Руки и ноги у Усимацу задрожали. Словно боясь упасть, он прислонился к столу. Ученики не то от удивления, не то просто заинтересованные, разинув рты, уставились на него.
— Вам уже пятнадцать — шестнадцать лет; это не такой возраст, когда совсем не знают жизни. Пожалуйста, запомните получше мои слова, — с грустной мыслью о скорой разлуке продолжал Усимацу: — В будущем, когда лет через пять — десять вам вдруг придут на память школьные годы… вспомните, что в четвёртом классе старшего отделения вас учил учитель Сэгава… что, до тех пор, пока этот учитель не открыл своего происхождения, он в день Нового года пил праздничную наливку так же, как и вы; в день рождения императора пел гимн так же, как и вы. И всегда желал вам счастья и жизненных успехов. Теперь, когда я сделал такое признание, вам, наверно, покажется, что моё присутствие оскверняет вас. Но, знайте, хоть я и низкого происхождения, всё же я учил вас каждый день, стараясь, чтобы у вас были хорошие взгляды и помыслы. Хотя бы ради этих моих стараний простите мне то, что было до сих пор.

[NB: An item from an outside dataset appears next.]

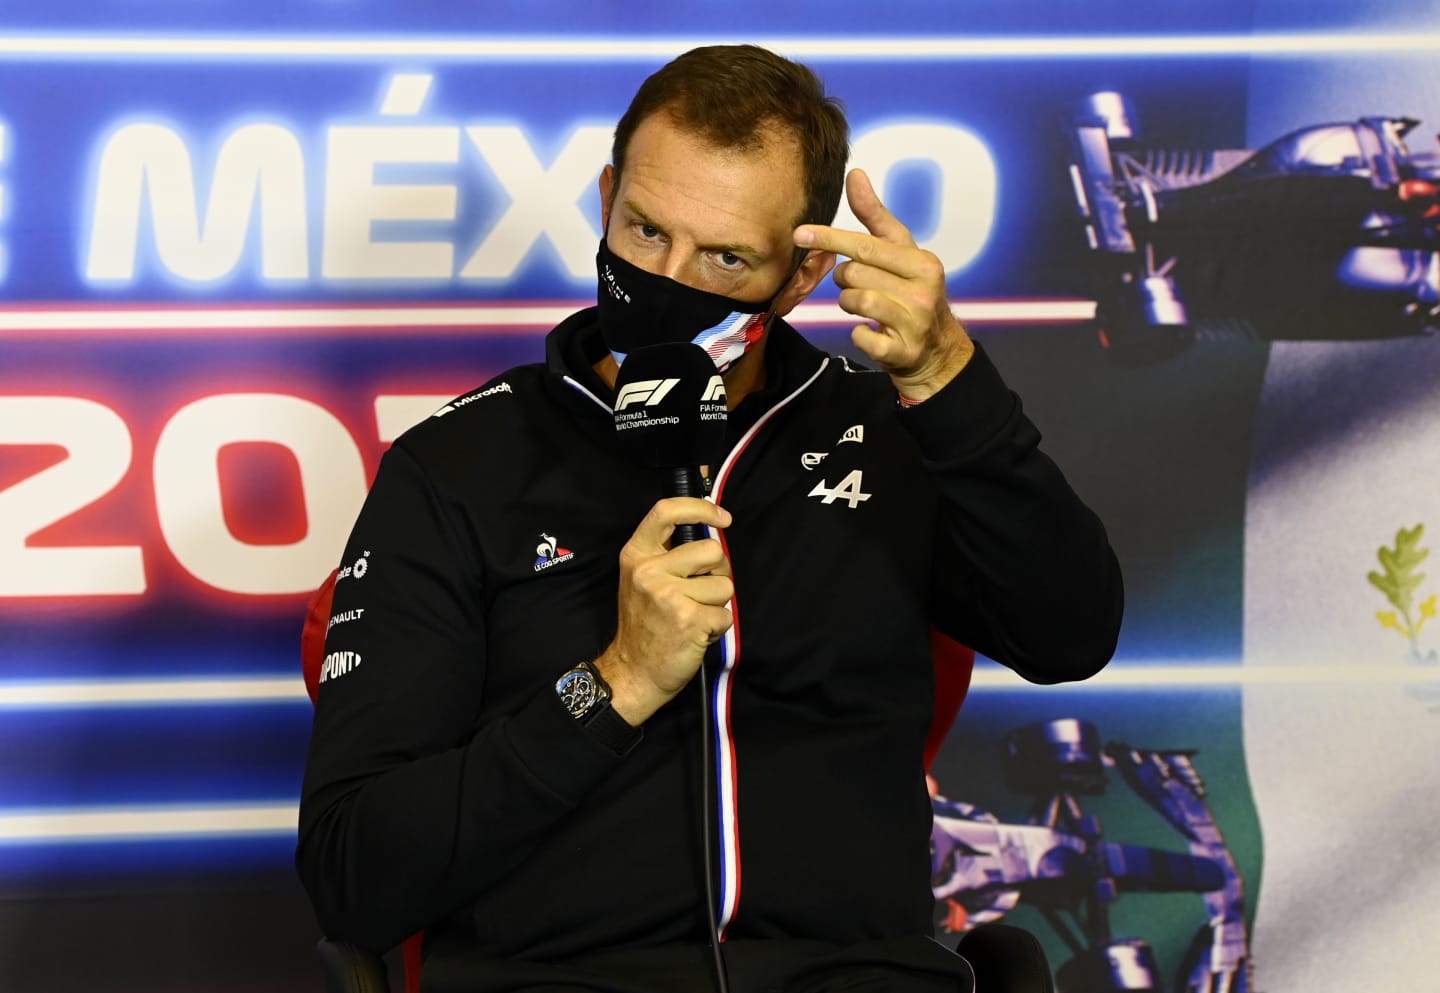 MEXICO CITY, MEXICO - NOVEMBER 05: Laurent Rossi, CEO of Alpine F1 talks in the Team Principals Press Conference during practice ahead of the F1 Grand Prix of Mexico at Autodromo Hermanos Rodriguez on November 05, 2021 in Mexico City, Mexico. (Photo by Mark Sutton - Pool/Getty Images)

С этими словами Усимацу приложил руки к столу, за которым сидели ученики, и склонил голову, прося прощения.
— Когда вы придёте домой, расскажите обо мне вашим отцам и матерям… Я очень виноват, что до сих пор скрывал. Расскажите, как я повинился перед вами и признался… да, я — «этa», я — тёри, я — нечистый.
Вероятно, думая, что он ещё недостаточно повинился, Усимацу отступил немного назад и с возгласом «Простите!» — опустился на колени. Поражённый, один ученик в заднем ряду вскочил со своего места. За ним вскочил другой; вытягивая шеи, они смотрели на Усимацу, а за ними поднялся весь класс. Одни влезали на скамьи, некоторые с криком выбежали в коридор.
В этот момент раздался звонок. Во всех классах распахнулись двери. И ученики других классов и учителя толпой хлынули в класс Усимацу.
С декабря Гинноскэ был в школе уже на положении гостя. В тот день он по личным делам зашёл в школу в половине второго и, находясь в учительской, вдруг услышал, что только что произошло в классе Усимацу. Не помня себя от волнения, Гинноскэ выбежал из учительской. В вестибюле, в длинном коридоре — повсюду ученицы в лиловых платках на плечах обсуждали происшедшее. В гимнастическом зале тоже толпились ученики, и все были поглощены разговором об Усимацу. Пробираясь сквозь толпу учеников, Гинноскэ направился к классу Усимацу. В коридоре, возле входа, окружив Усимацу, с оторопелым видом стояли директор, несколько учителей, среди них Бумпэй, а вокруг толпились ученики старшего отделения и даже практиканты из учительской семинарии. Усимацу в полуобморочном состоянии стоял на коленях, касаясь головой пыльного пола. При виде этого тягостного зрелища глубокая жалость охватила Гинноскэ. Он подошёл к Усимацу, помог ему подняться, стряхнул с платья пыль. Усимацу в полузабытьи твердил: «Цутия-кун, прости!» Слёзы градом катились по его лицу.